Search code examples
rstringcharacter

In R I want to add everything after an underscore to a string in a previous row so that they each have the same string after said underscore


Say I have a column that has the following;

c("Q9NZ", "Q69Z_1036_1037_1_1_S1036", "A3K8", "P123_567_789_1_1_T567")

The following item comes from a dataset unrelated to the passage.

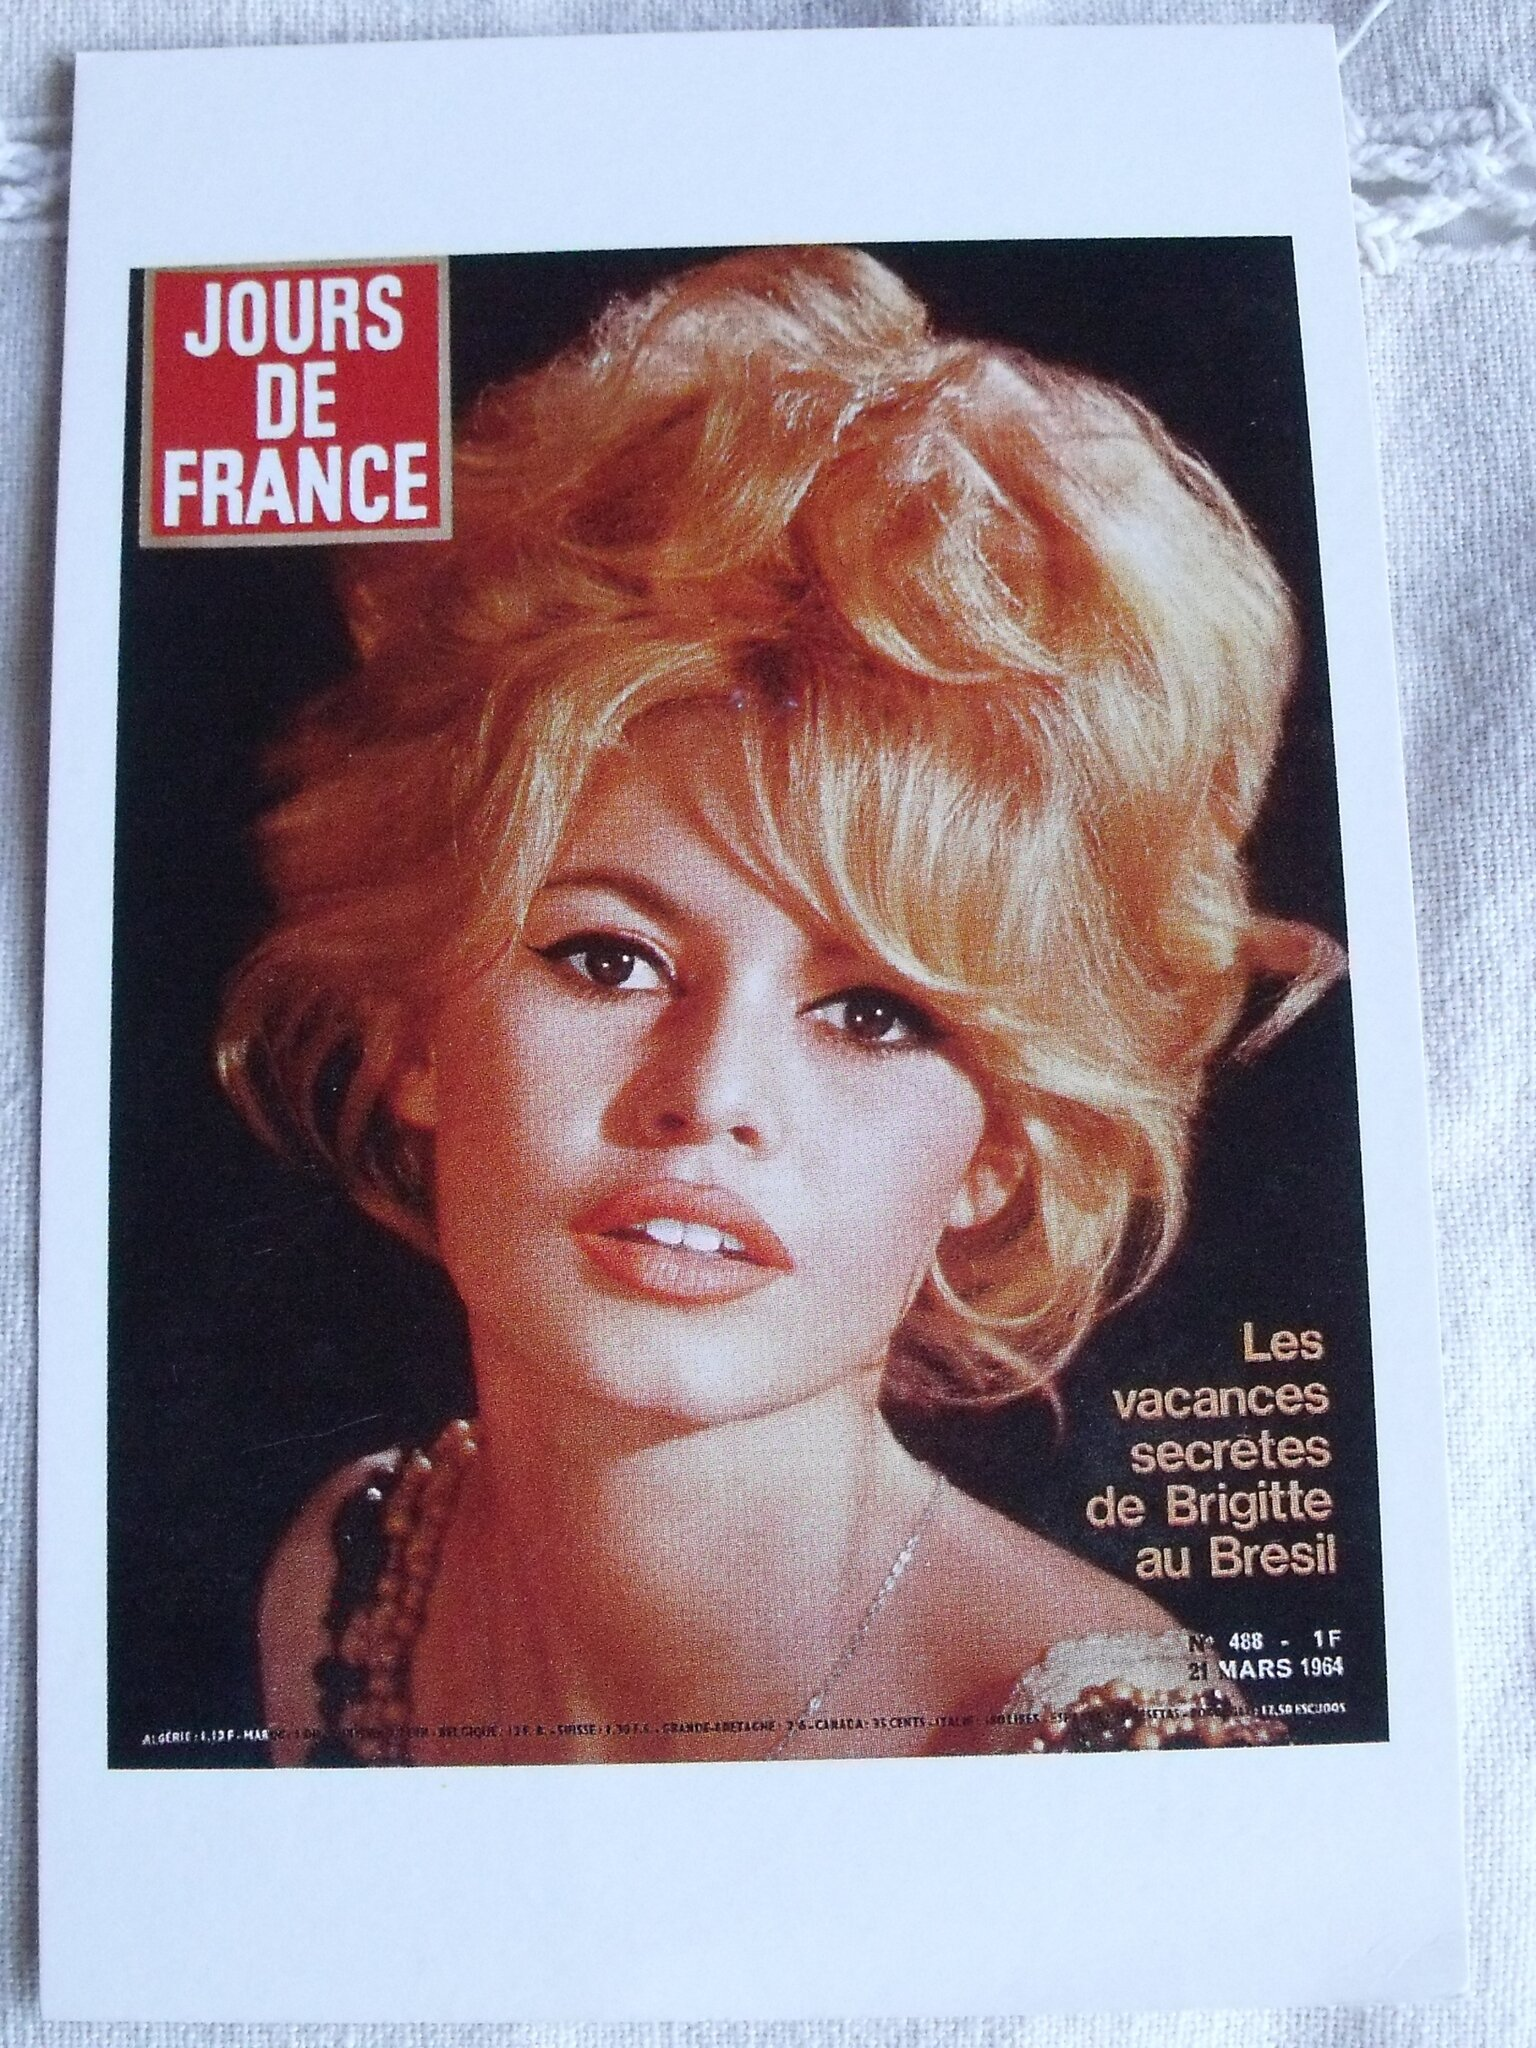 Brigitte Bardot 1964

I want the output to find the underscore in the row beneath it and copy that plus the remainder of the string to the row that I am working with. Desired output is;

c("Q9NZ_1036_1037_1_1_S1036" , "Q69Z_1036_1037_1_1_S1036" , "A3K8_567_789_1_1_T567" ,"P123_567_789_1_1_T567")

Solution

  • Here's a dplyr+tidyr method

    data.frame(x) %>% 
      tidyr::separate_wider_delim(x, delim="_", names = c("prefix", "suffix"), too_many = "merge", too_few="align_start") %>% 
      tidyr::fill(suffix, .direction="up") %>% 
      transmute(value=paste(prefix, suffix, sep="_"))
    

    which returns

      value                   
      <chr>                   
    1 Q9NZ_1036_1037_1_1_S1036
    2 Q69Z_1036_1037_1_1_S1036
    3 A3K8_567_789_1_1_T567   
    4 P123_567_789_1_1_T567   
    

    so if you need the data in a data.frame, this might be helpful.